О.: «Давай же, малышка, смелее», – подначивает он, будто чувствует мои колебания даже на расстоянии.
О.: «Или ты совсем трусишкой стала?».
Я поджимаю губы, задумчиво хмурясь.
О.: «У маленькой Ники не хватает смелости? Теряешь хватку, Джеймс».
Приходит еще одна провокация через минуту моего молчания, и я сдаюсь.
Н.: «Кем-кем, а трусишкой я себя точно не считаю, Рид».
Отправляю сообщение, опускаю сумку на землю и прикрываю глаза, некоторое время внимательно прислушиваясь к телу. И когда оно начинает «говорить», уже через несколько движений мне становится совсем неважно, как выглядит это со стороны и что подумают люди. Так же как и полное отсутствие физических сил нисколько не мешает мне растворяться в танце, отключая голову и позволяя телу самому руководить процессом, подбирая необходимые движения, – сначала плавные, легкие, воздушные, будто играющие на тонких струнах моей души дивную мелодию оркестра, исполняющего сложную симфонию, что постепенно набирает темп, звучность и пылкость.
Я даже не задумываюсь над тем, как и что танцевать, тело само живёт своей жизнью, переплетая движения в импровизационные связки, создающие нечто поистине волшебное, что окутывает меня от корней волос до кончиков пальцев блаженной негой и наконец позволяет вышвырнуть из себя весь сгусток негативных чувств и эмоций.

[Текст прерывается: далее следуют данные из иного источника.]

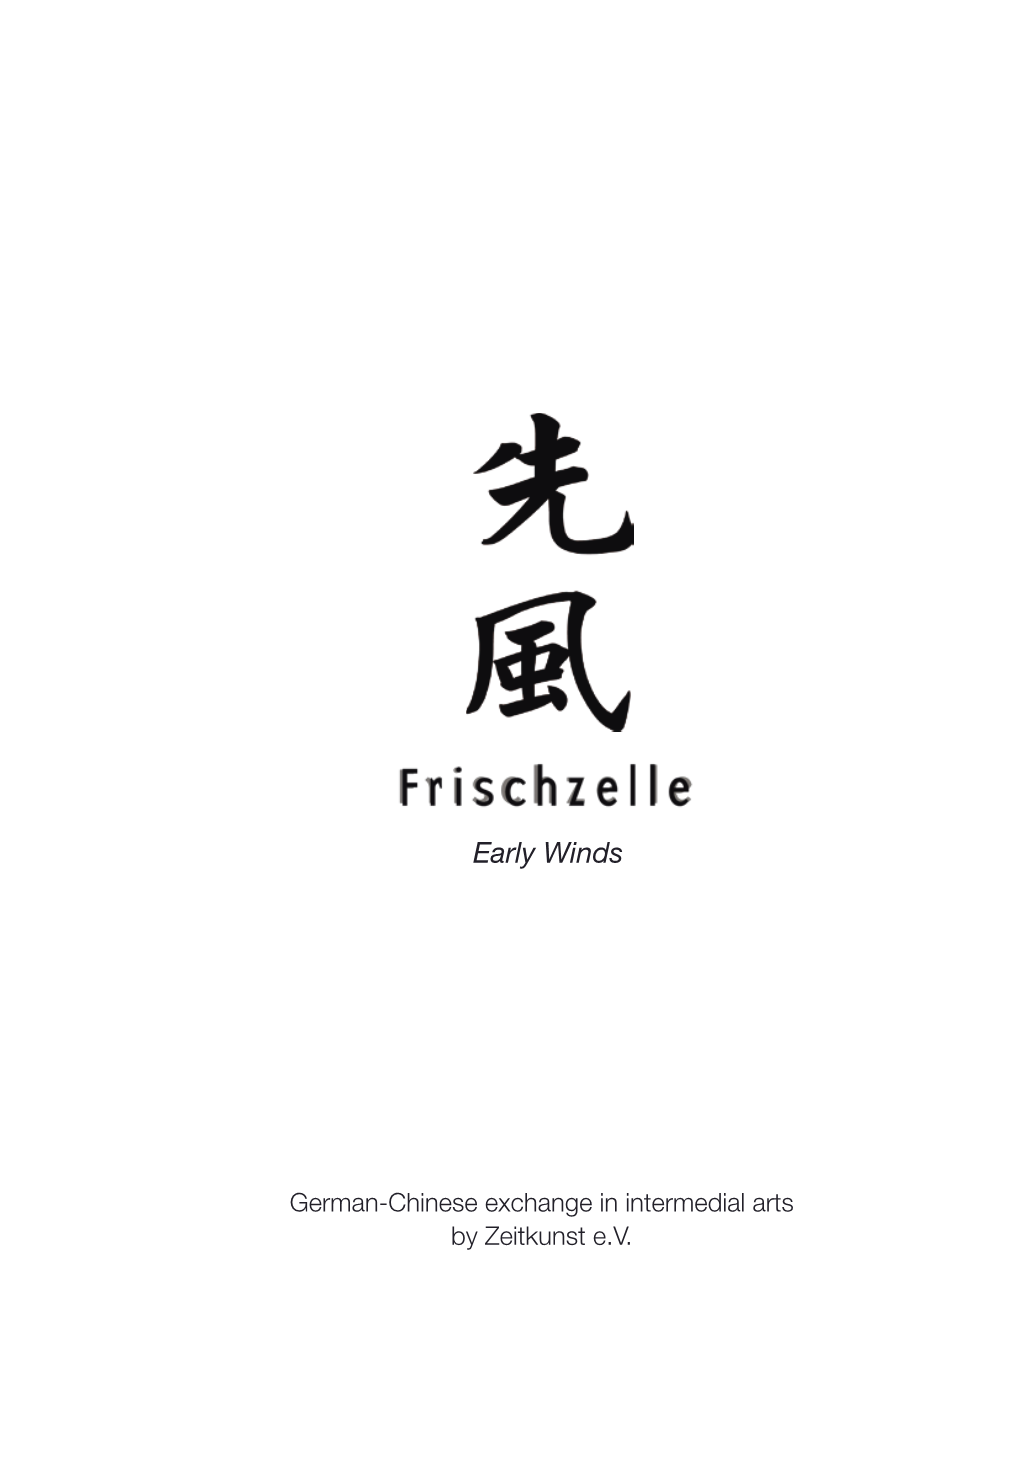 German-Chinese Exchange in Intermedial Arts by Zeitkunst E.V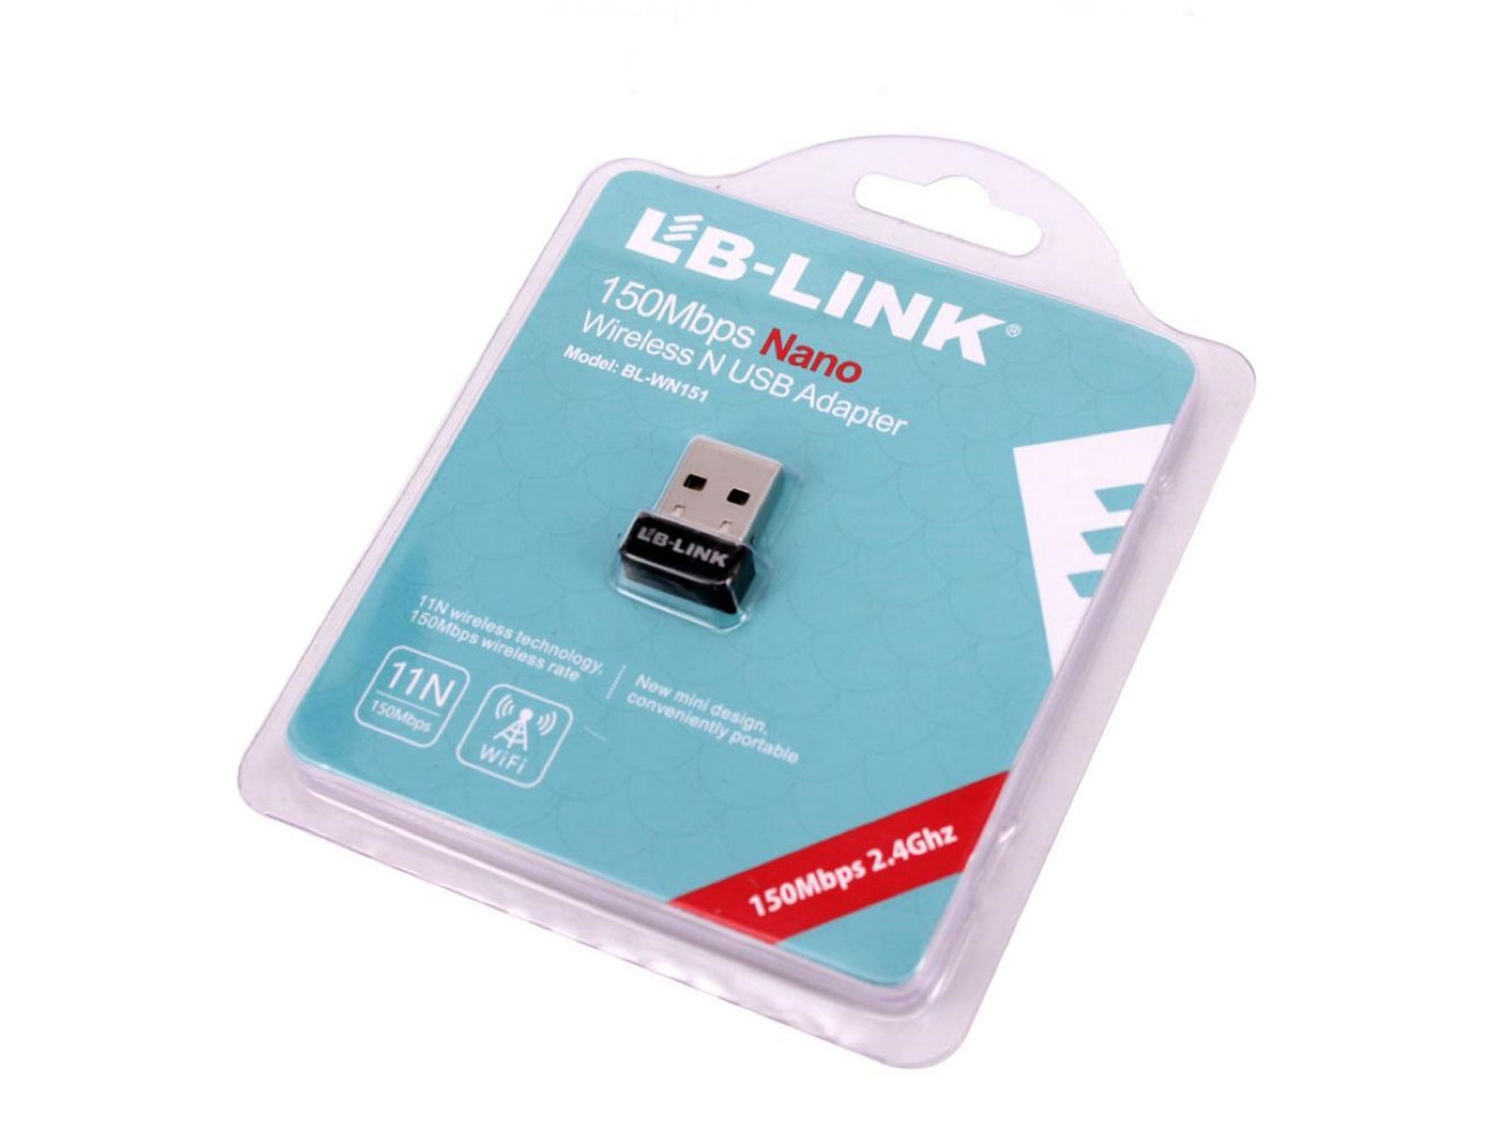 LB-Link 150Mbps NANO WIRELESS N USB ADAPTER

Шаг, второй, «бросок», взмах рукой, поворот, а затем еще один и ещё… И так до тех пор, пока во мне исчезает всё плохое, гневное, до боли печальное, уступая место в сердце яркому, словно небесная звезда, светилу, впустив которое я начинаю улыбаться во весь рот. Нет… Не просто улыбаться. Я начинаю прерывисто хихикать, а уже через несколько секунд и вовсе смеяться во весь голос.
Боже! Я не верю! Я смеюсь, и мне впервые за все эти дни по-настоящему легко! Так тепло, весело, прекрасно! Неужели ко мне вернулось нечто положительное и ясное? Нечто позволяющее вновь поверить, что жизнь во мне ещё не совсем погасла.
Да, я в самом деле это чувствую. И расцветаю ещё ярче, когда, закончив танец, слышу аплодисменты десятка окруживших меня людей, что всё это время, оказывается, молчаливо наблюдали за моим спонтанным выступлением.
– Боже… Спасибо… Спасибо… – заливаясь пунцовой краской, тихо лепечу я, прикрывая лицо руками. Пытаюсь привести дыхание в норму, выслушивая несколько приятных комплиментов, и, терпеливо дождавшись, когда небольшая, приветливая толпа наконец разойдётся, спешу достать из сумки телефон.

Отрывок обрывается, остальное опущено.